• _EXERCISE PROMPT_
Give back the whole listing word for word and skip each picture.

• _DATA_
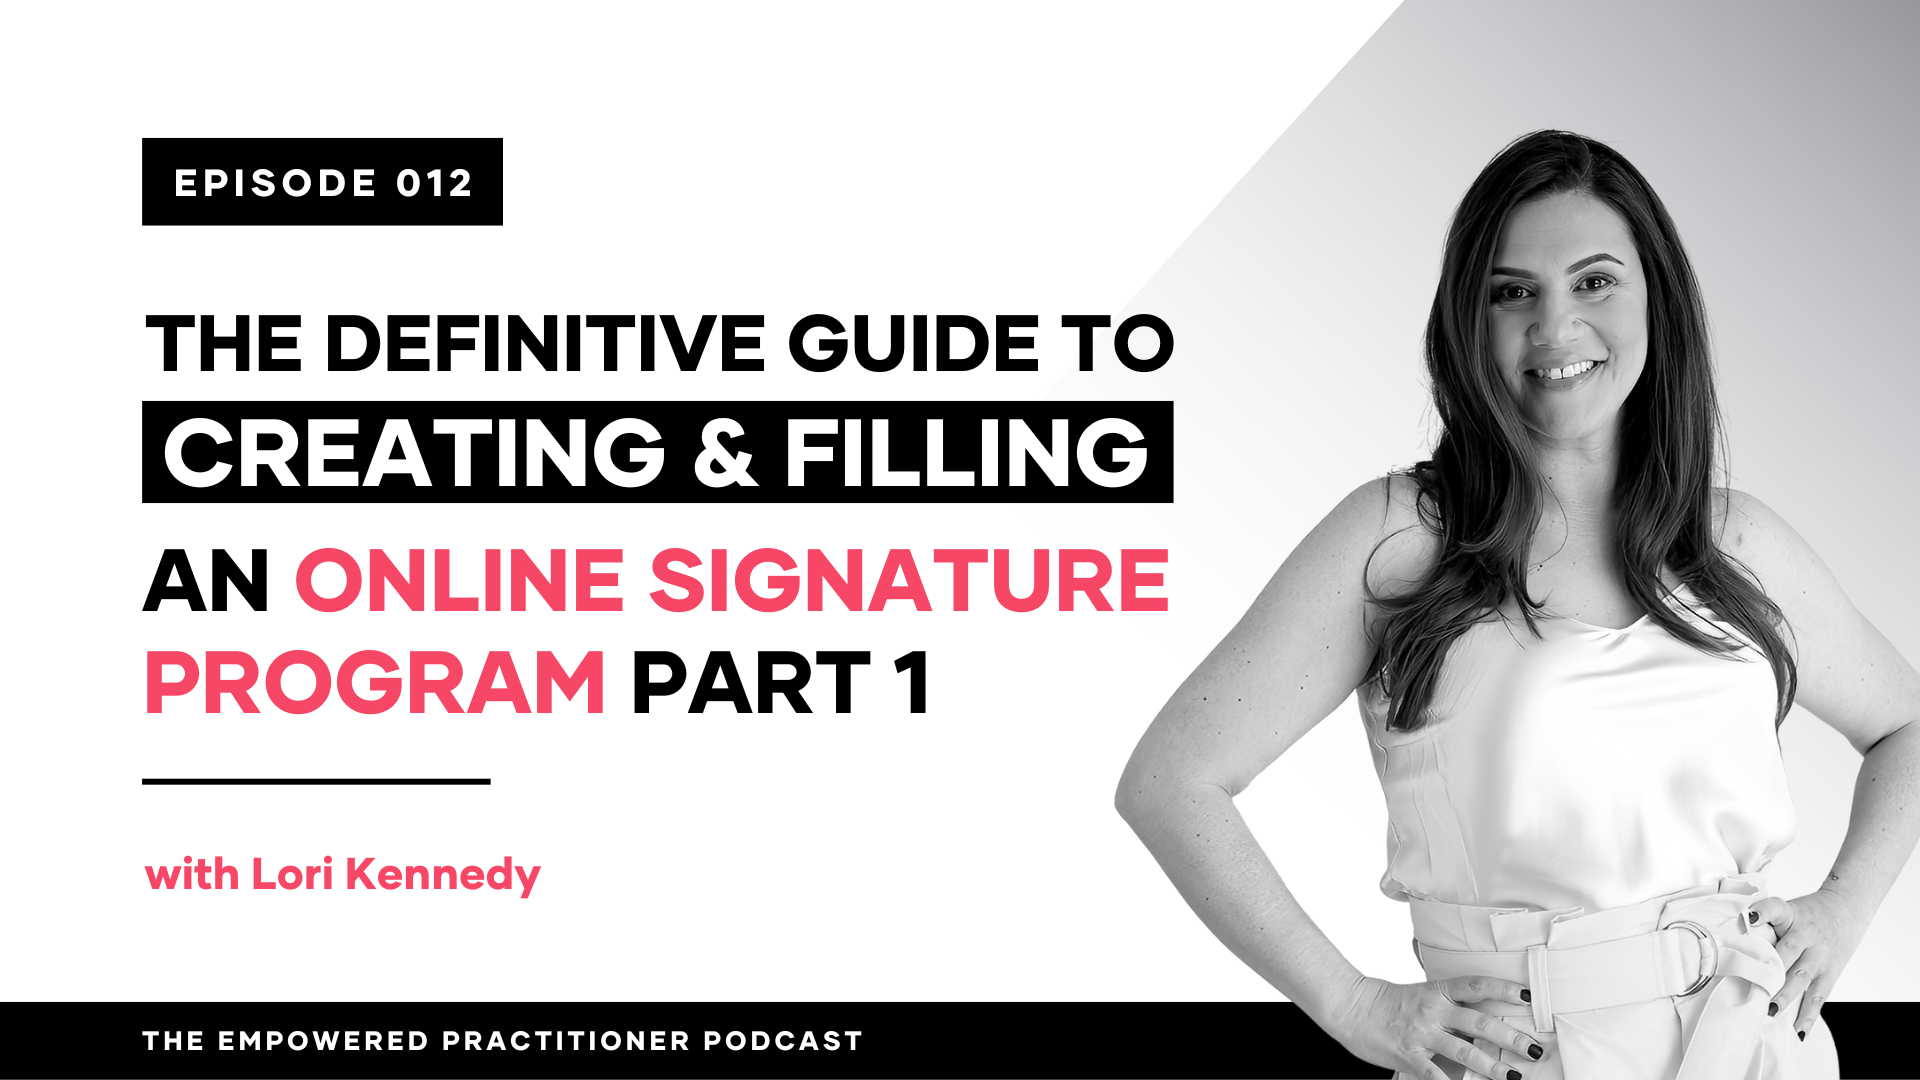 The Definitive Guide To Creating & Filling An Online Signature Program Part 1
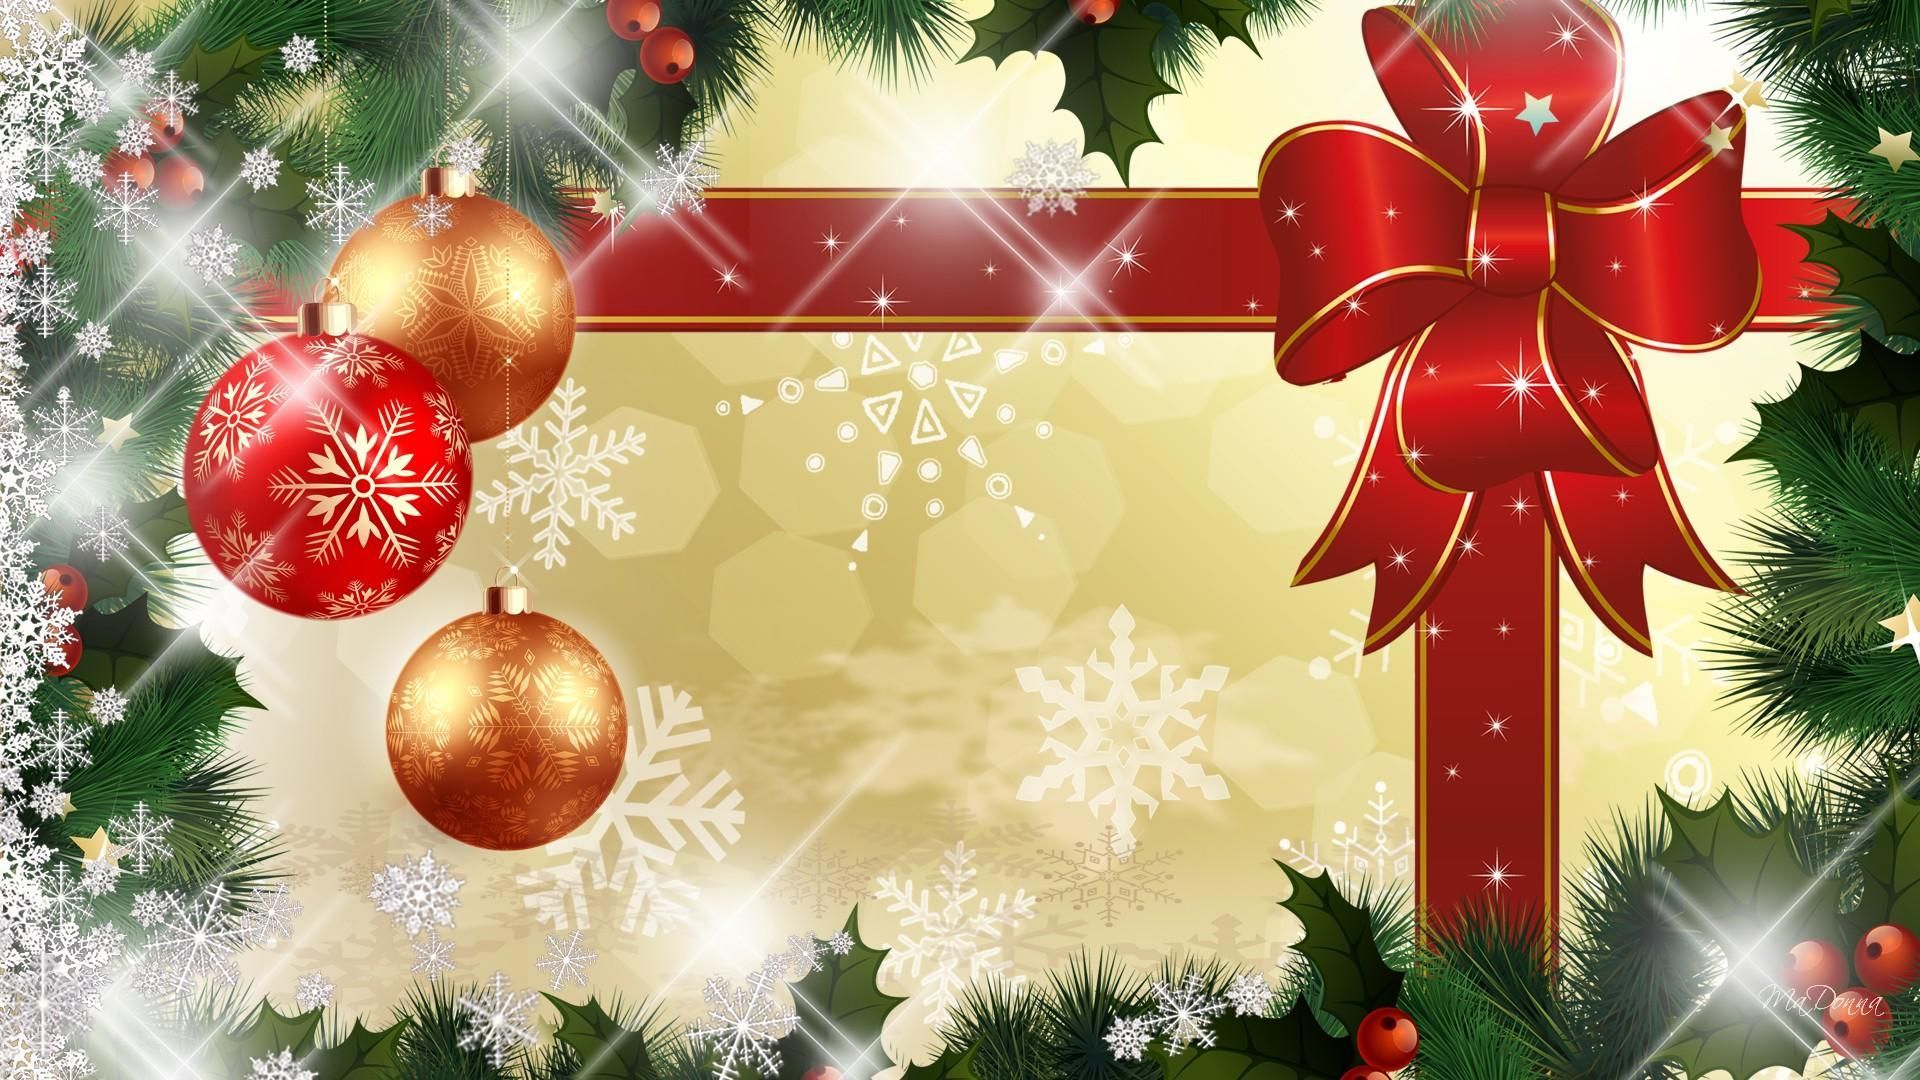 Merry Christmas Borders Wallpapers Wallpaper Cave
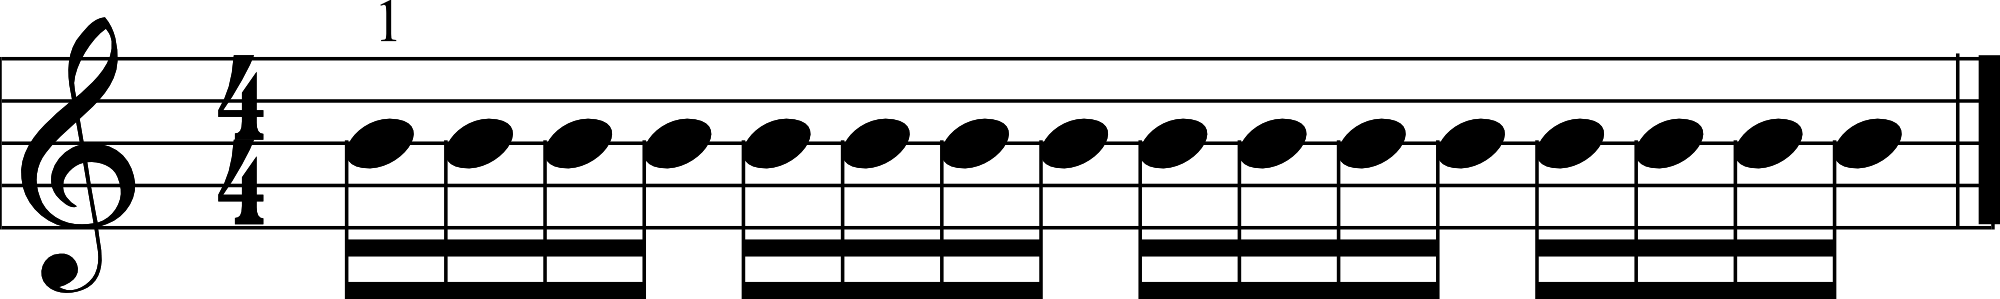 Sixteenth Note Example
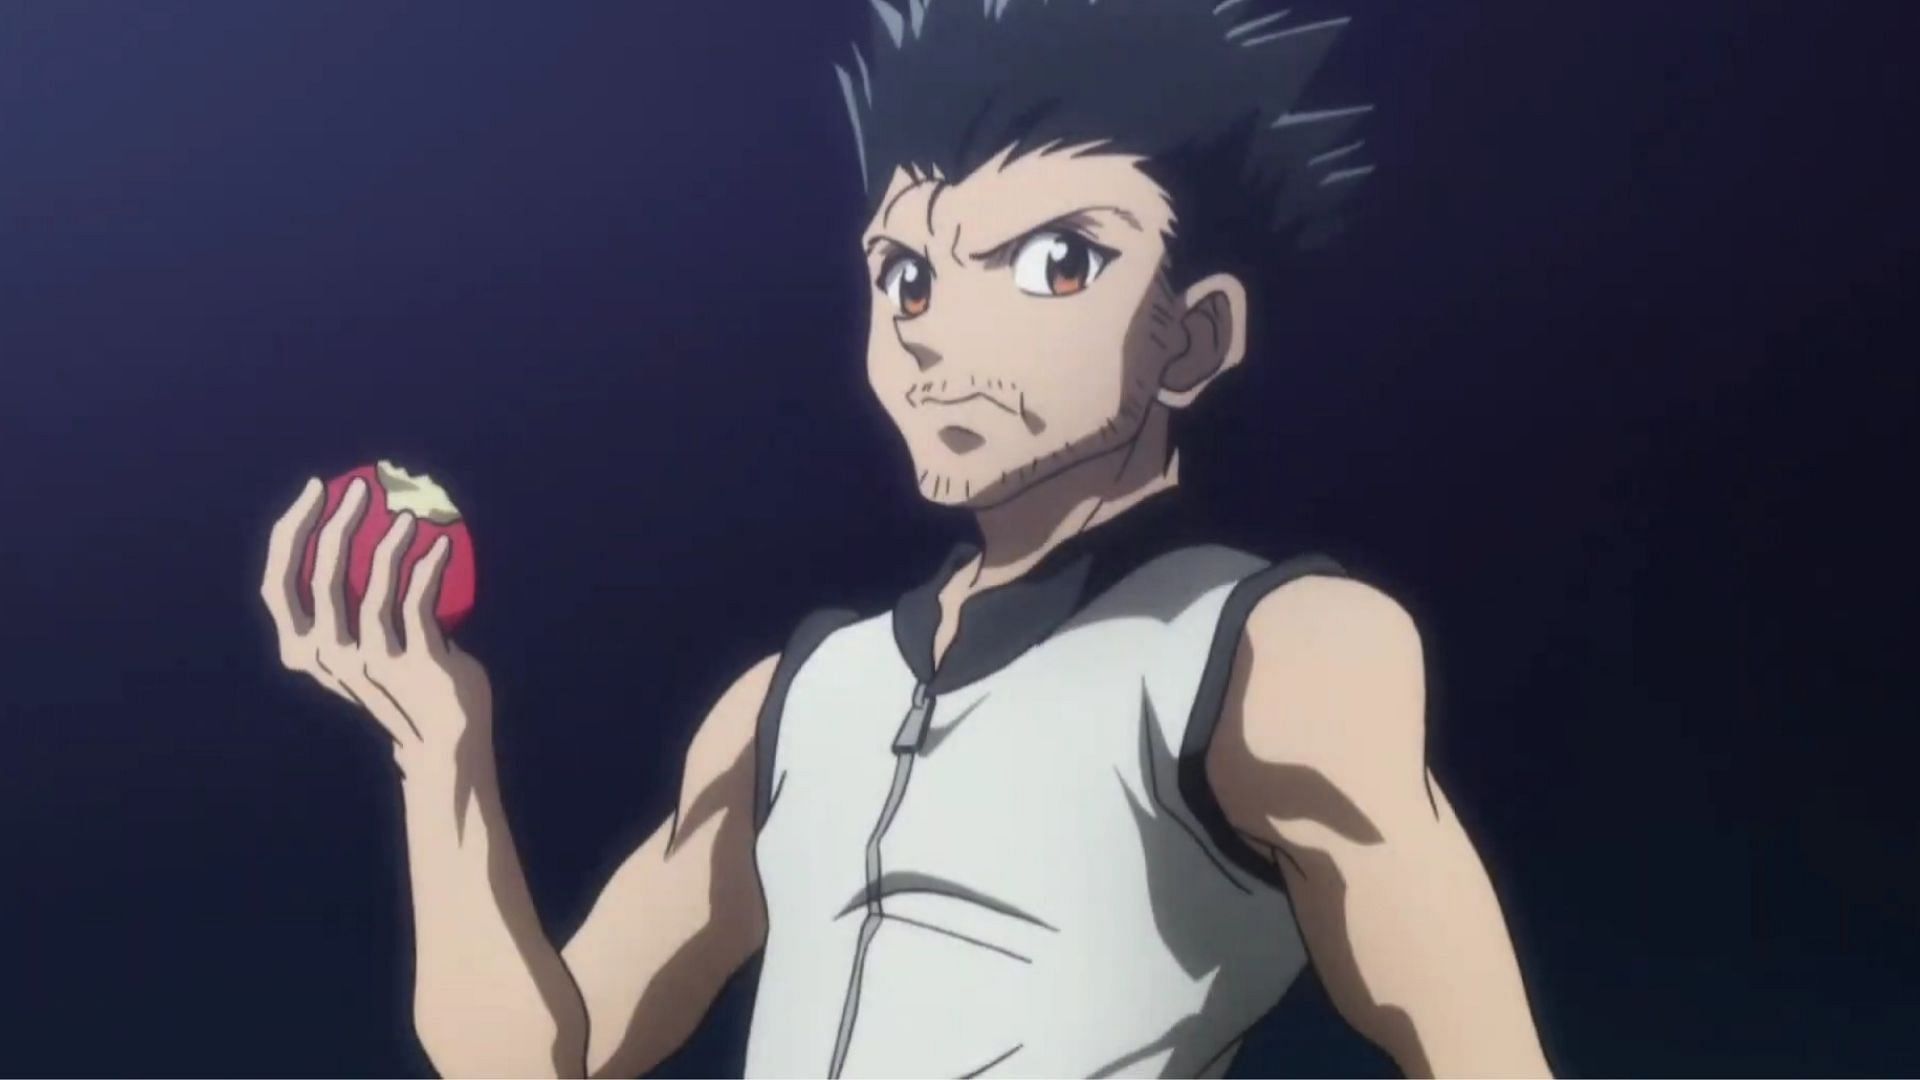 How powerful is Ging Freecss in Hunter x Hunter compared to Gon

• _ANSWER FOR THIS EXERCISE_
 The Definitive Guide To Creating & Filling An Online Signature Program Part 1
 Merry Christmas Borders Wallpapers Wallpaper Cave
 Sixteenth Note Example
 How powerful is Ging Freecss in Hunter x Hunter compared to Gon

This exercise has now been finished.